Publishing Re-useable Phylogenetic Trees, in Theory and Practice
topic: practices (not necessarily the best) for publishing a phylogenetic tree, based on the TDWG report and subsequent analyses.
Authors: Brian O'Meara, Jamie Whitacre, Ross Mounce, Dan Rosauer, Rutger Vos, Arlin Stoltzfus
Abstract Sharing and re-use of data are essential to the progressive and self-correcting nature of science. In recognition of this principle, journals and funding agencies have adopted policies to encourage sharing of information ('data'), including empirical data as well as computed inferences such as phylogenetic trees. Shared and reused data help to validate previous findings, and address new questions not envisaged by the creators of the data.

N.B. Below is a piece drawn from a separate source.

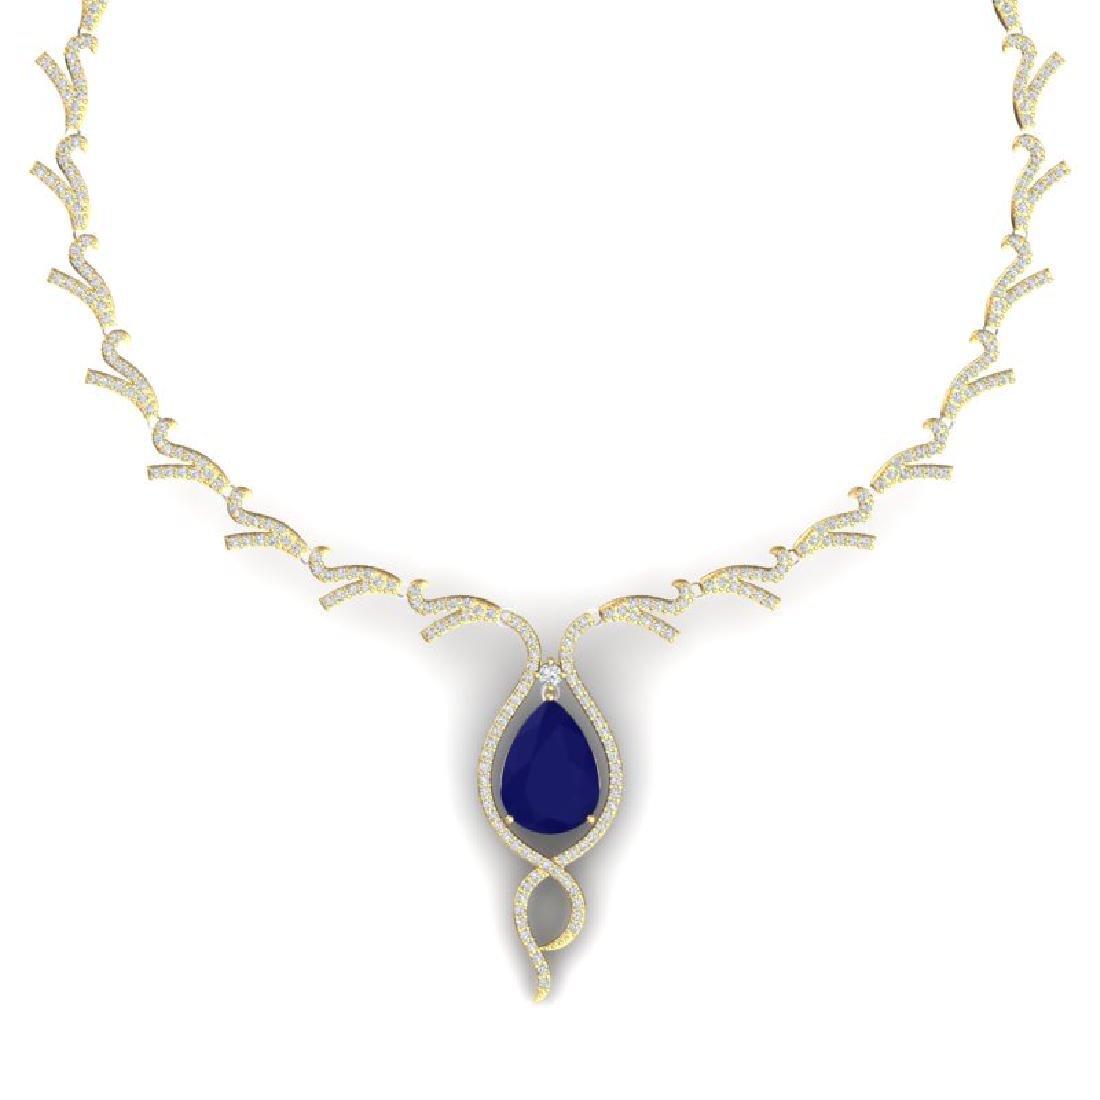 23.43 CTW Royalty Sapphire & VS Diamond Necklace 18K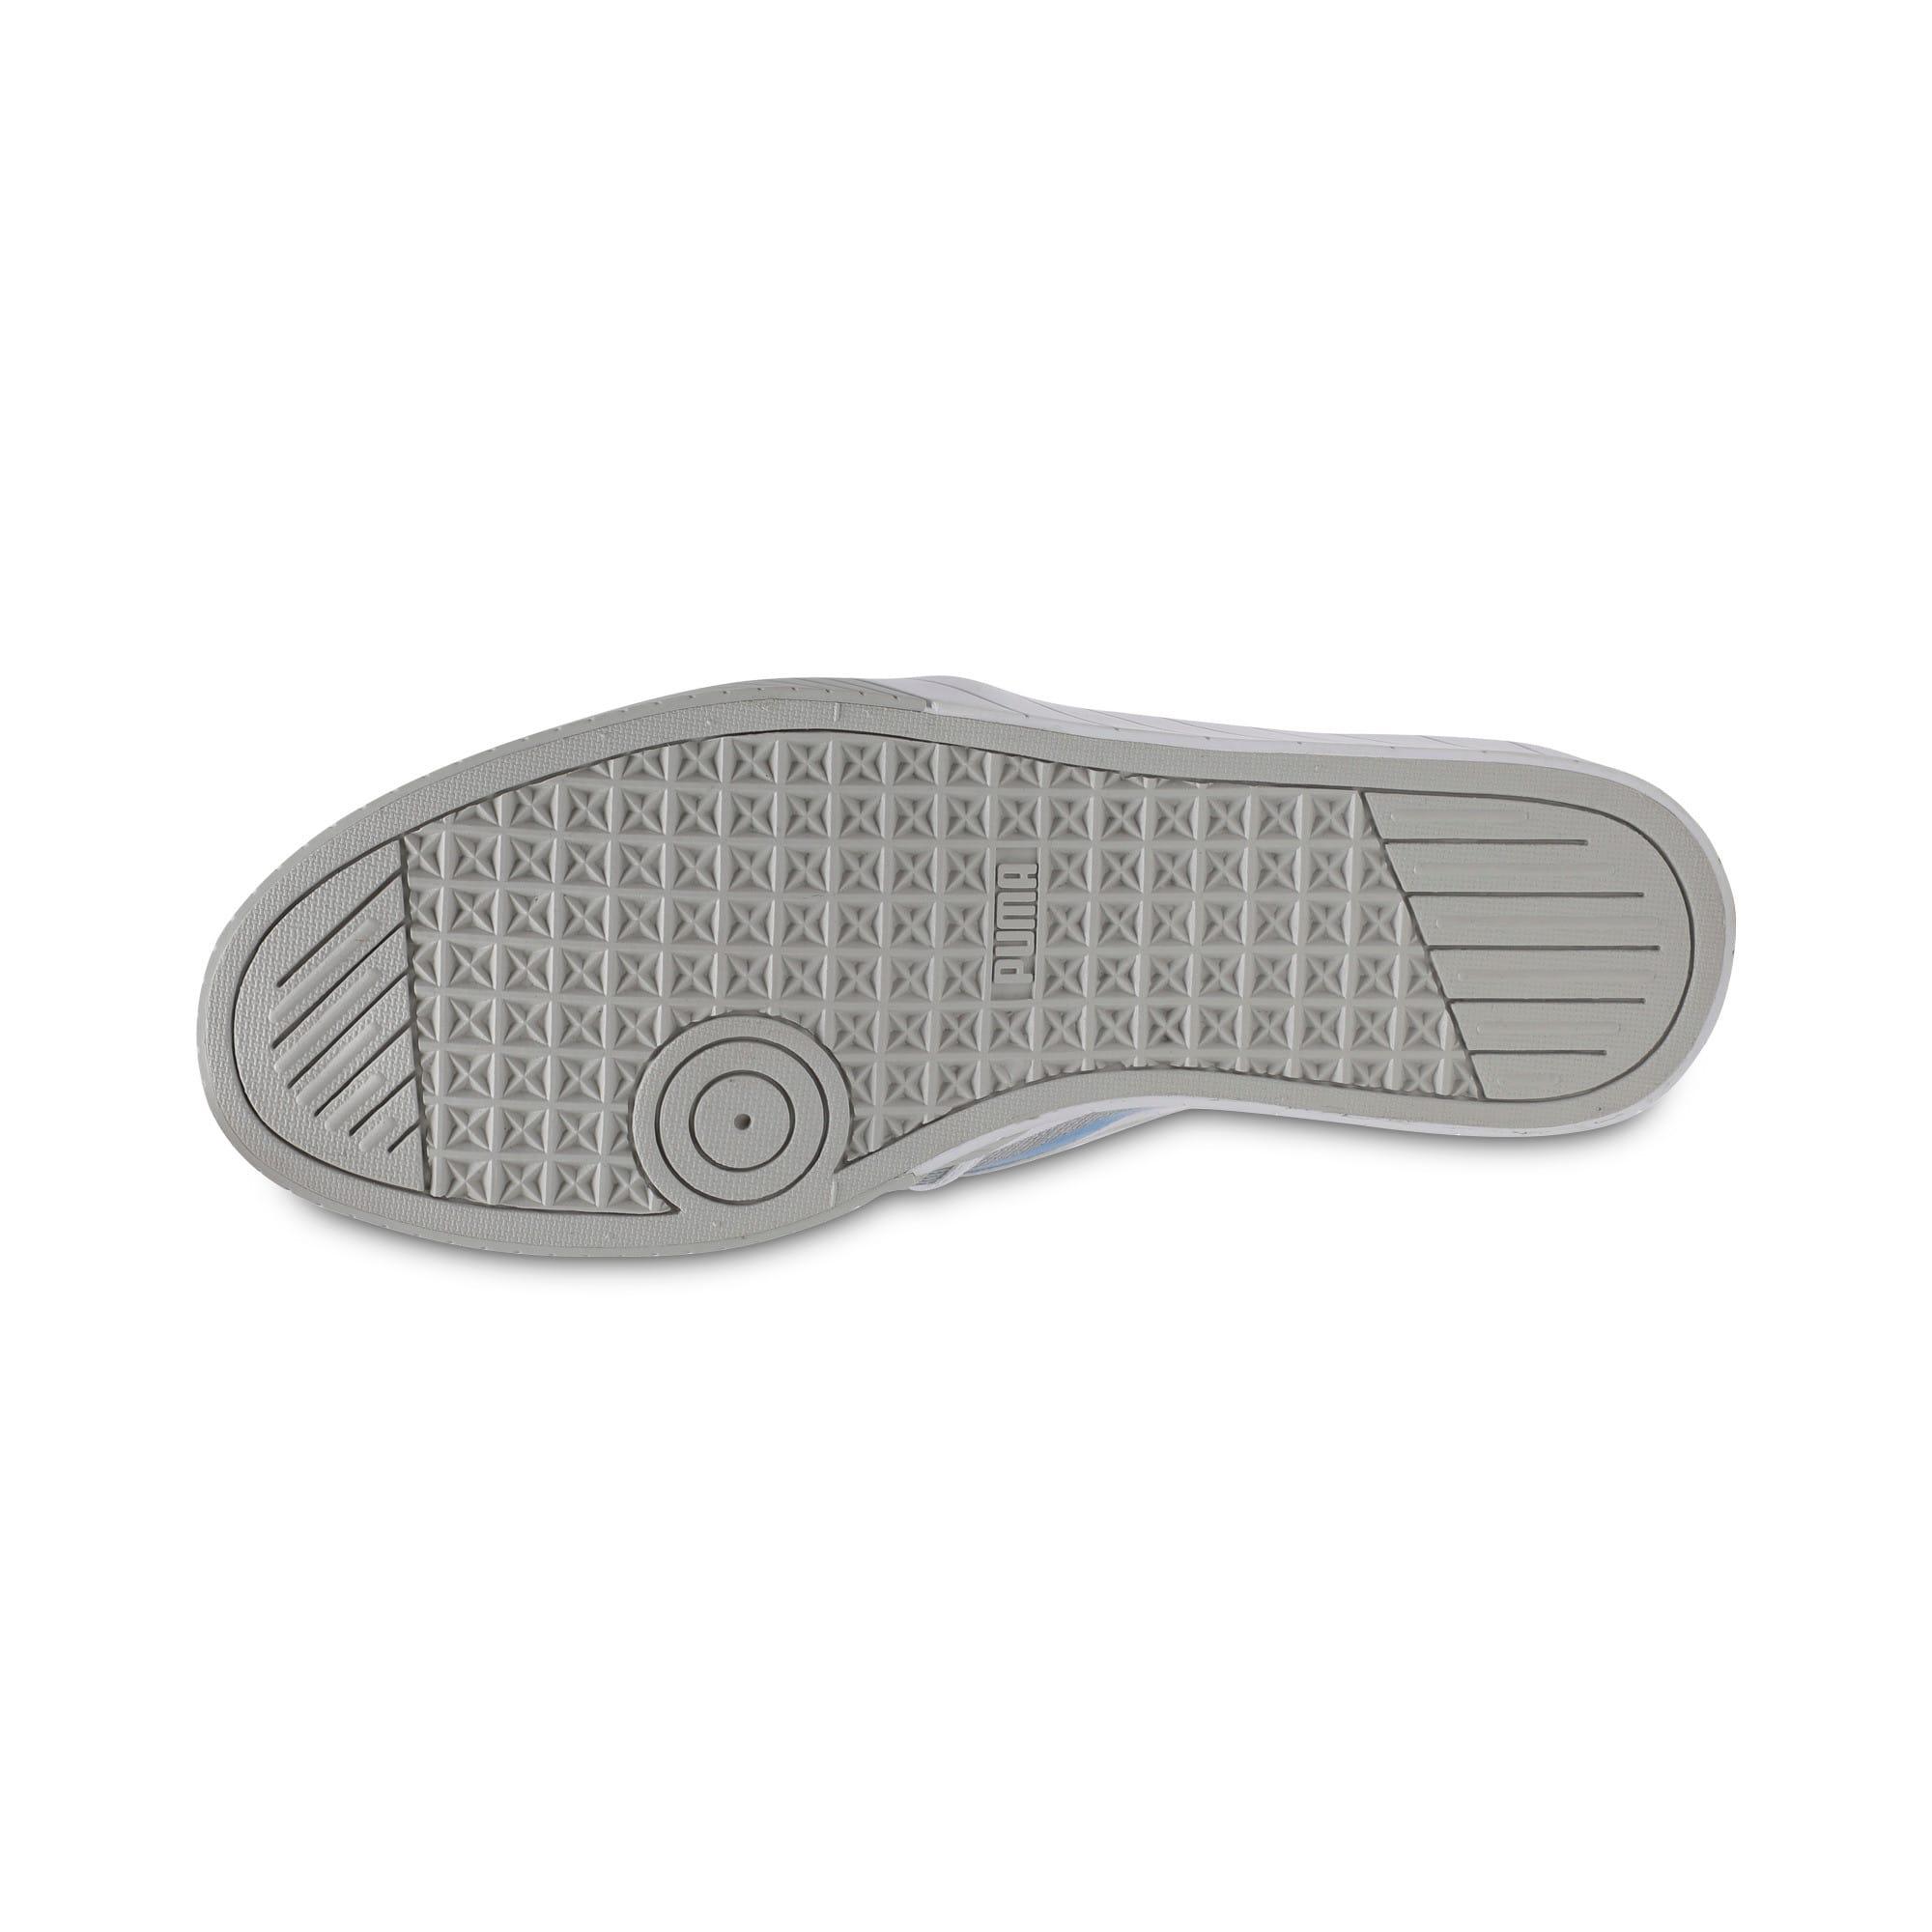 Thumbnail 6 of BMW M Slip-On Track Shoes, Puma White-Gray Violet, medium-IND

Here we summarize an ongoing analysis of 1) current practices for sharing phylogenetic trees and associated data; 2) current barriers to effective sharing and reuse of such data; and 3) prospects for reducing these barriers to promote more widespread sharing and re-use. Currently, the technical infrastructure is available to support (with some limitations) rudimentary archiving in conjunction with manuscript publication. Yet, most published trees are not archived, and there is no community standard governing the recommended format or content to ensure a re-usable phylogenetic record. Without a shift in emphasis toward re-usability, along with technology and standards to support such a shift, the value of trees (whether disseminated via public archives, or by other means) will be limited. Interviews with actual or potential secondary consumers of phylogenetic results suggest that there is a considerable market for re-use, but that most attempts end in disappointment. Phylogenetic results available via author requests, journal web sites, archival repositories and project web sites rarely include the critical information that secondary consumers seek, such as unique identifiers for biological sources (including species sources and accession numbers), indicators of quality, and documentation of the analytical methods used to obtain the results.
Based on the analysis presented here, we suggest that enabling effective re-use entails a commitment by the research community to several changes from current practice: 1) using globally unique identifiers (GUIDs) to reference informational and material entities; 2) developing and using technology for documenting and exchanging the metadata that facilitate re-use; and 3) supporting development and use of a minimal reporting standard that indicates what data and metadata are considered essential for a re-useable phylogenetic record. We suggest that re-use may be catalyzed most rapidly by identifying and targeting (with appropriate technology) the most promising circumstances for re-use. These might include the extraction of sub-trees from large trees (for use in reconciliation, classification, and comparative analysis); the re-use of seed alignments, sub-alignments and homologized characters; the linking of phylogenies to geographic information (for use in ecology, phylogeography and biogeography); and the construction of supertrees and supermatrices.